Foreign Minister begins informal talks with Hungary, the next Council presidency

Catalonia's foreign minister Meritxell Serret
Catalonia's foreign minister Meritxell Serret / Eli Don
Catalan News

Catalan News | @catalannews | Barcelona

March 28, 2024 10:33 AM

March 28, 2024 06:35 PM

Catalan Foreign Minister Meritxell Serret has already held informal talks with Hungary, the next rotating presidency of the Council of the European Union, to ensure that efforts to make Catalan an official EU language continue.

"We want to build trust to move forward," Serret told the Catalan News Agency (ACN), stressing the importance of fostering goodwill with Hungary to keep the issue on the agenda.

The move comes after previous failed attempts. In September last year, the Spanish government and Catalan pro-independence parties joined forces in an attempt to make Catalan official in the EU during Spain's presidency. 

However, the proposal faced setbacks as it was met with skepticism from several member states, particularly regarding its legal, political and economic implications, and the issue eventually stalled

The EU presidency passed to Belgium at the turn of the year, but despite Belgium's intention to move the proposal forward, discussions were once again postponed due to a lack of progress in assessing its impact.   

The proposal to change the EU's language policy requires unanimous support from all 27 member states, and while no European state has outright vetoed it, doubts remain, especially in countries with other minority languages, such as Lithuania. 

Serret defends achieving a "political pre-agreement" among the 27 member states before requesting the final legal reports from the Council.  

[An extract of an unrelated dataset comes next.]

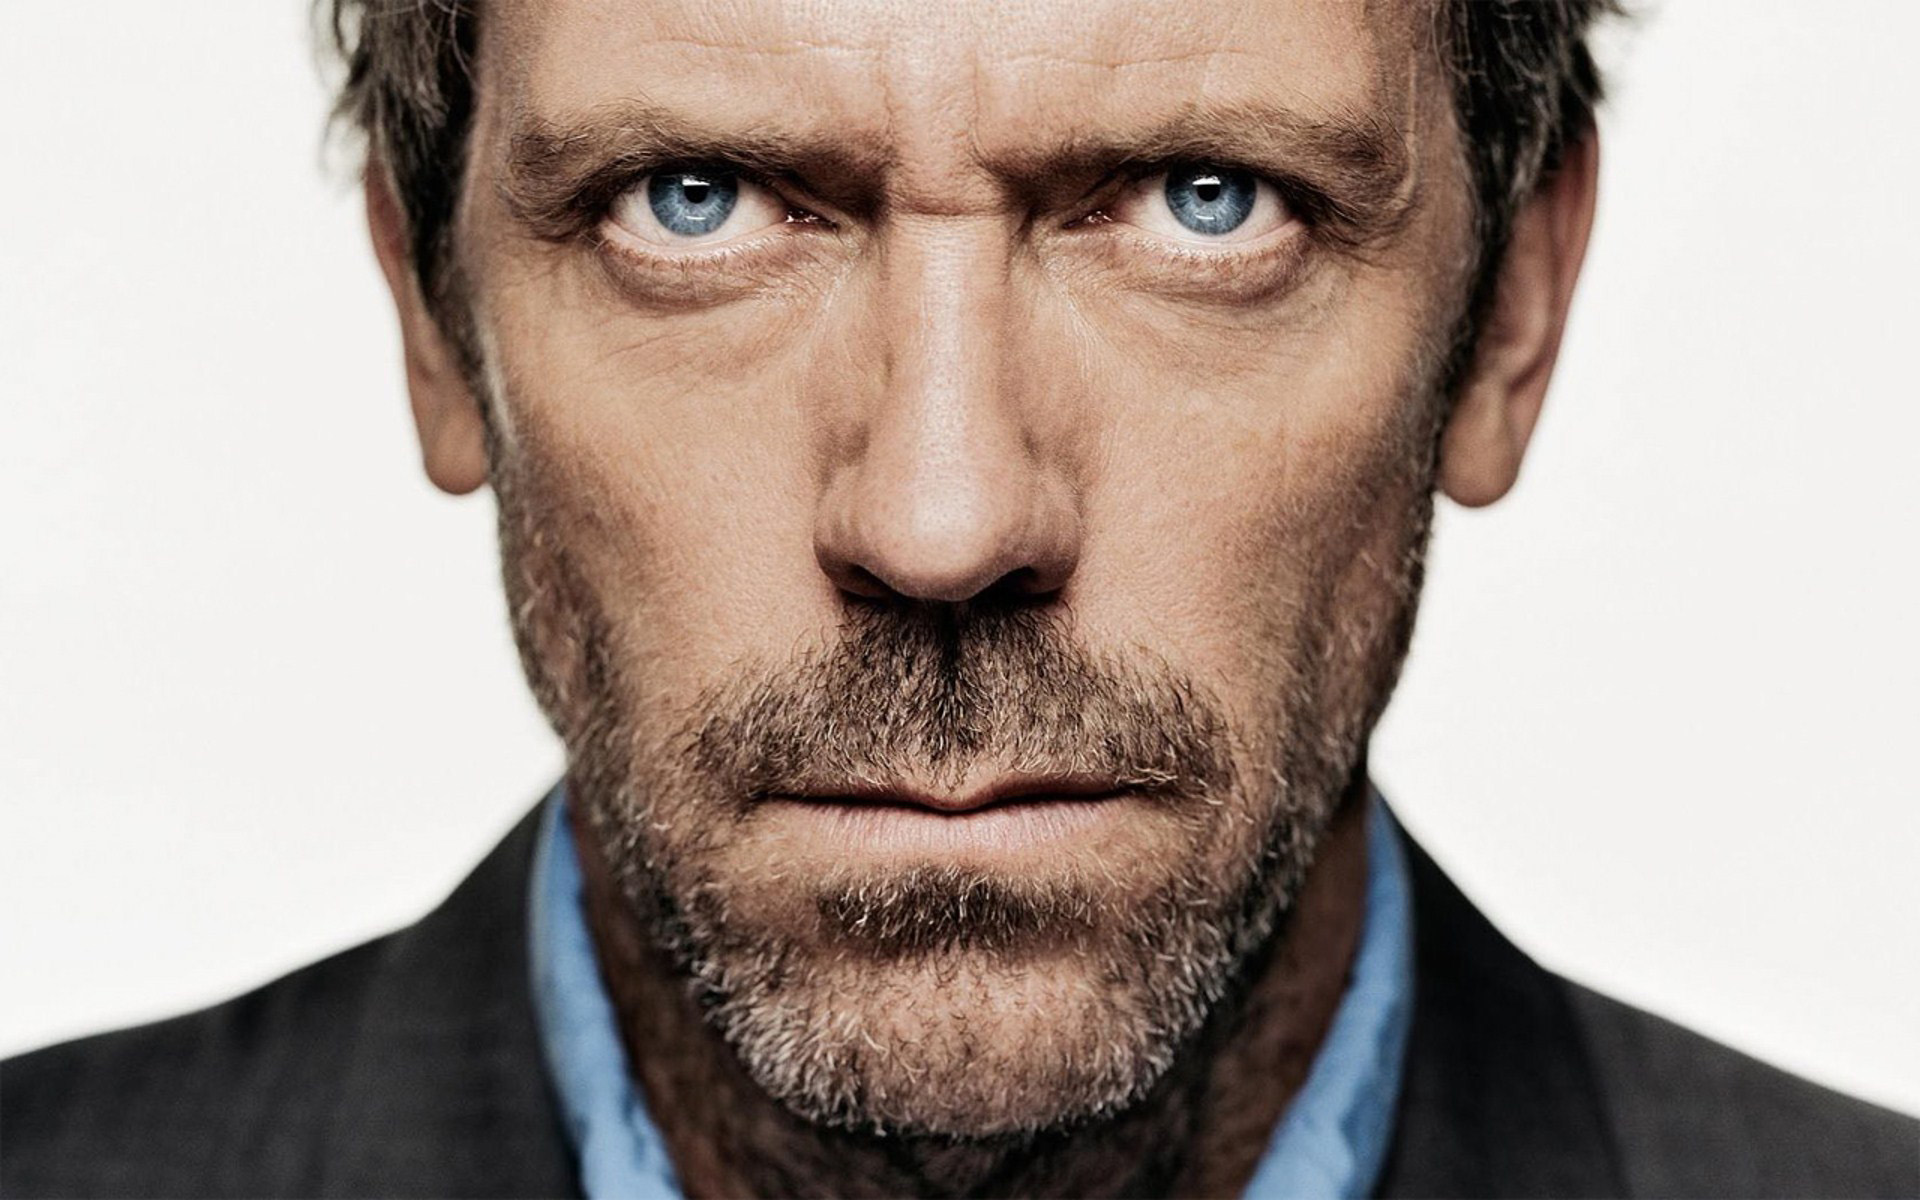 Hugh Laurie portraying the character Gregory House from the TV show House.

"We think it is good to have all the doubts resolved beforehand. At the end of the day, what we are asking the Council to do is to take a political decision," says Serret, adding that she does not want the issue to "fail" because a member state is "clinging to technical elements." 


EU elections test Catalan language bid 

The upcoming European Parliament elections, scheduled for June 9, will serve as a crucial test to gauge the political commitment and level of support for the official recognition of Catalan in the EU. 

"The context of the European elections can be a good opportunity to demonstrate the broad political and social alliance that exists in Catalonia around the initiative for the official status of Catalan in the European institutions," Serret said.  

Serret believes that if all the parties in favor of official status include this point in their electoral programs and their candidates defend it in the elections, "it will help strengthen the position and the proposal before all the states of the European Union."